The European Union is set to unveil a raft of measures ranging from boosting renewables and LNG imports to lowering energy demand in its quest to cut dependence on Russian supplies.
The 195 billion-euro ($205 billion) plan due Wednesday will center on cutting red tape for wind and solar farms, paving the way for renewables to make up an increased target of 45% of its energy needs by 2030, according to draft documents seen by Bloomberg that are still subject to change. It is set to also agree union-wide emergency rules in the event of a wide supply disruption.
The plan will give details about the EU’s attempt to reduce purchases of Russian gas by two-thirds this year. It, however, remains a mammoth challenge as the country accounted for about 40% of the bloc’s gas demand and finding replacements won’t be easy.
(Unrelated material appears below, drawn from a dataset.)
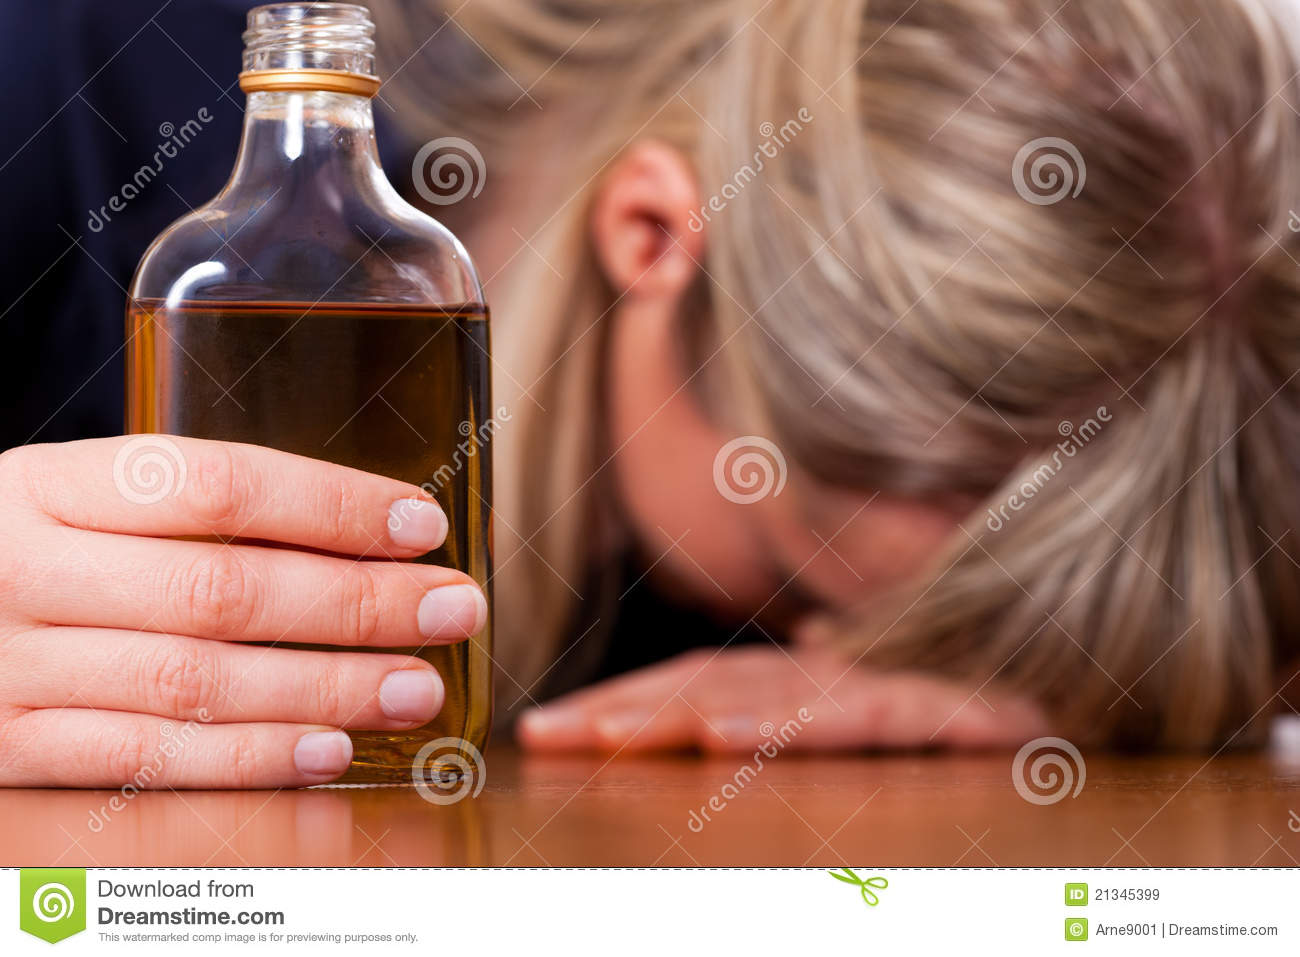 Free Stock Images  Alcohol Abuse   Woman Drinking Too Much Brandy

The region has also been trying boost clean power, and some in the EU argue that the risk of a cutoff by Moscow should speed up the pivot.
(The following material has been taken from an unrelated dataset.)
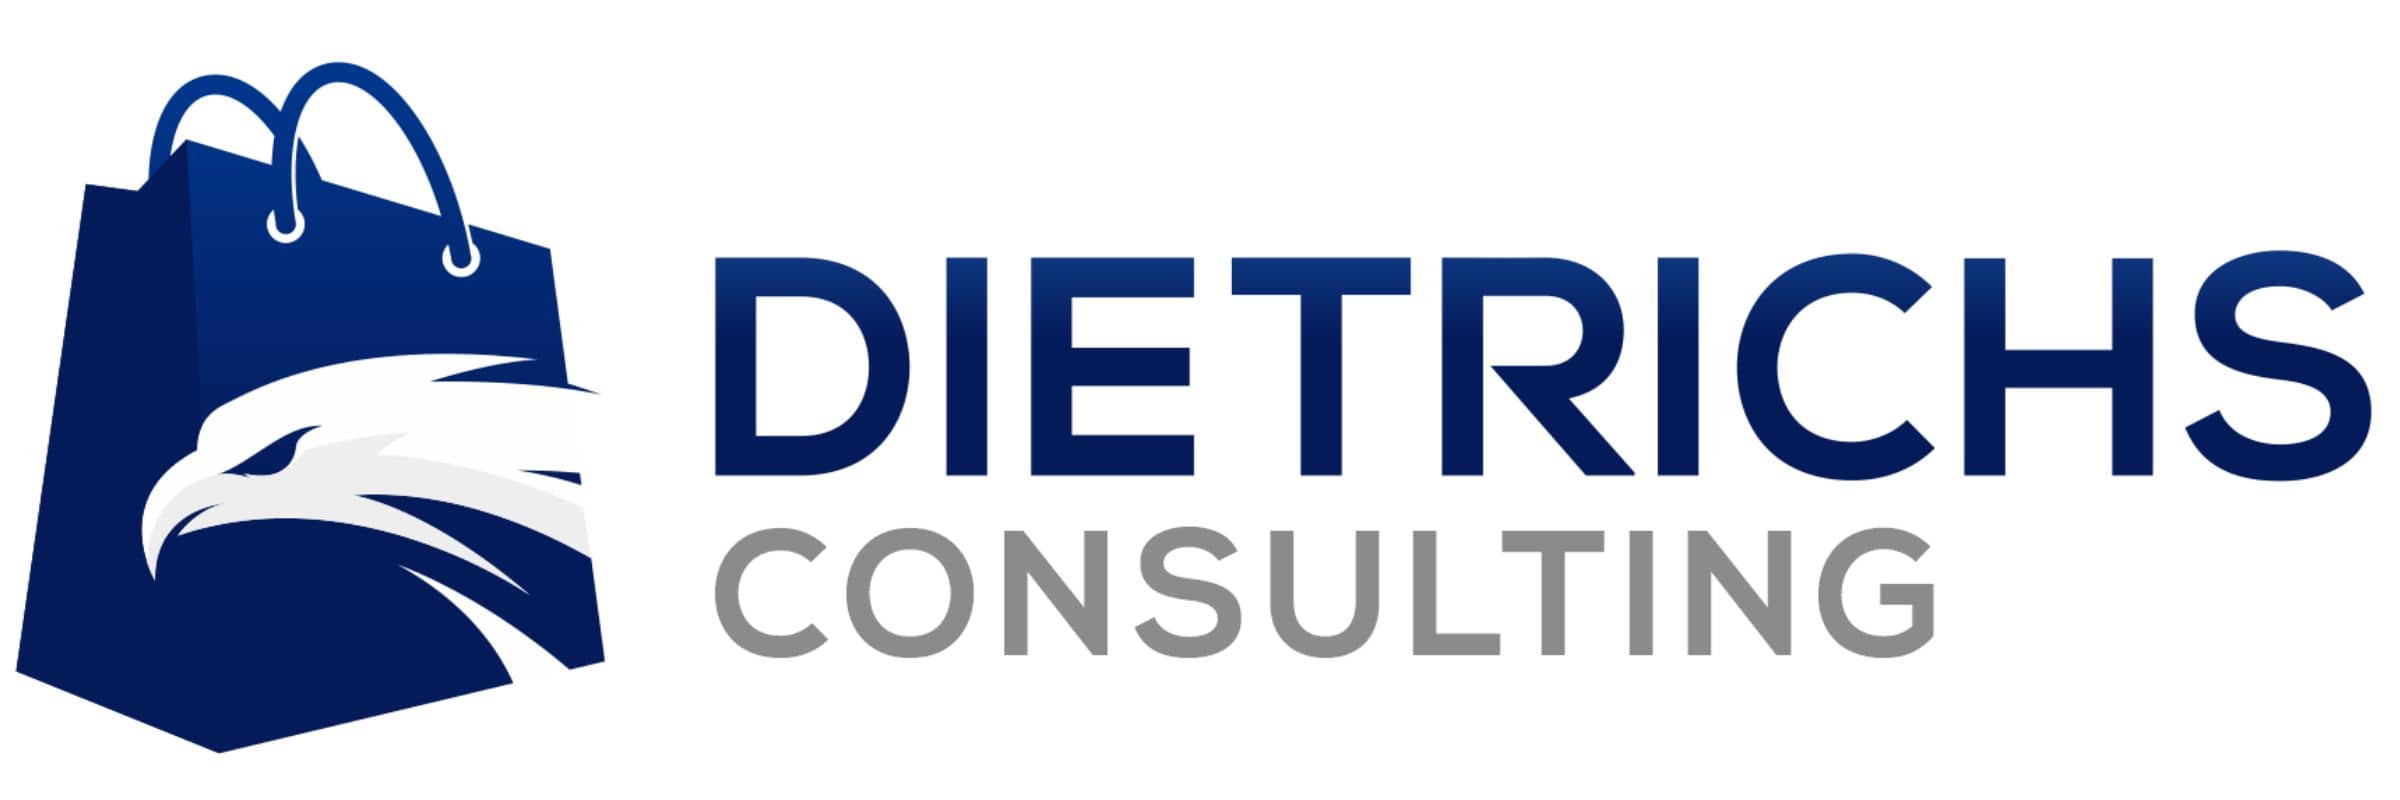 Dietrichs Consulting GmbH

“Already before Russia’s barbaric attack on Ukraine, we knew that we needed to move away from fossil fuels to a more sustainable economy,” said European Commission President Ursula von der Leyen, said at a hydrogen event in Poland on Tuesday. “This transition will provide us not just with abundant and affordable clean energy, but also with energy security.”
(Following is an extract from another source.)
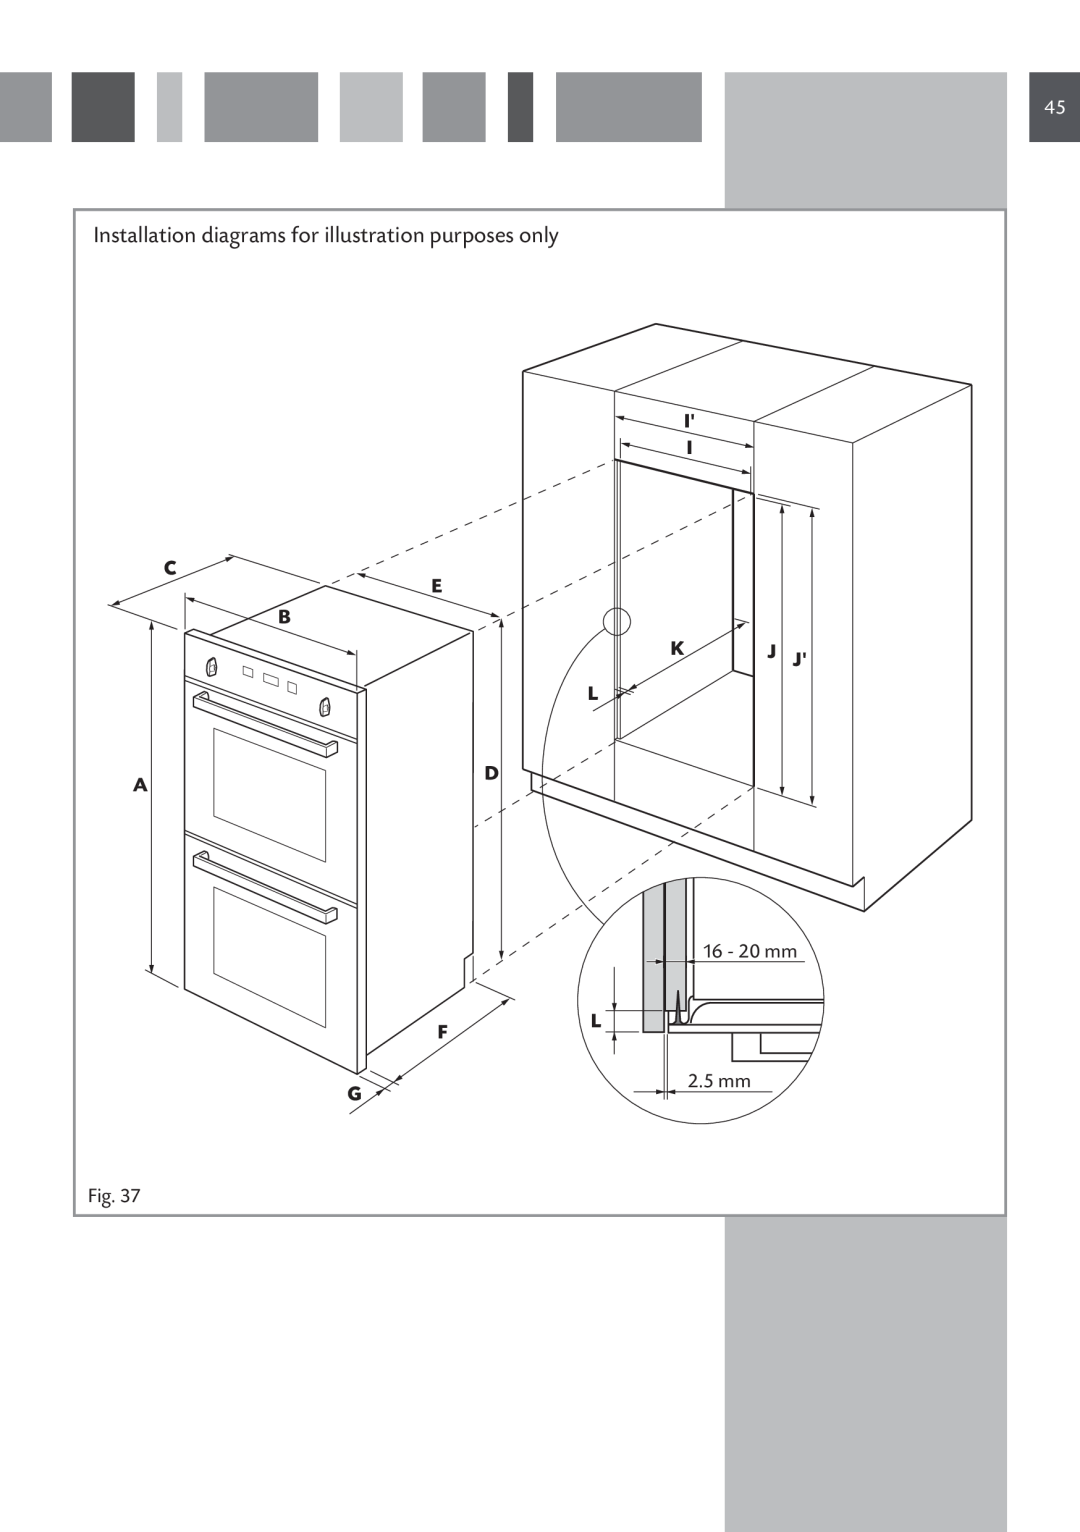 CDA 11Z6 manual Installation diagrams for illustration purposes only, 16 - 20 mm, 2.5 mm

Still, the bulk of the bloc’s strategy will rely on finding gas from elsewhere. Liquefied natural gas is set to replace around 50 cubic meters of Russian supplies, almost a third of the total. African nations such as Nigeria, Senegal and Angola offer largely untapped potential for LNG, the EU is expected to say. Italy’s Eni SpA has already moved to secure supplies from the continent.
Under the latest plans, the EU will recommend agreeing common principles for emergency responses should there be a wider supply disruption. It could cap gas prices to avoid “unbearably high” costs if Russia, the region’s biggest supplier, significantly limits or cuts off flows.
The plans also put a renewed focus on energy savings. The bloc will boost its efficiency goal to reduce consumption by at least 13% from projections made in 2020 versus the current 9%. It will also come forward with an “EU Save” campaign to encourage citizens to use less fuel.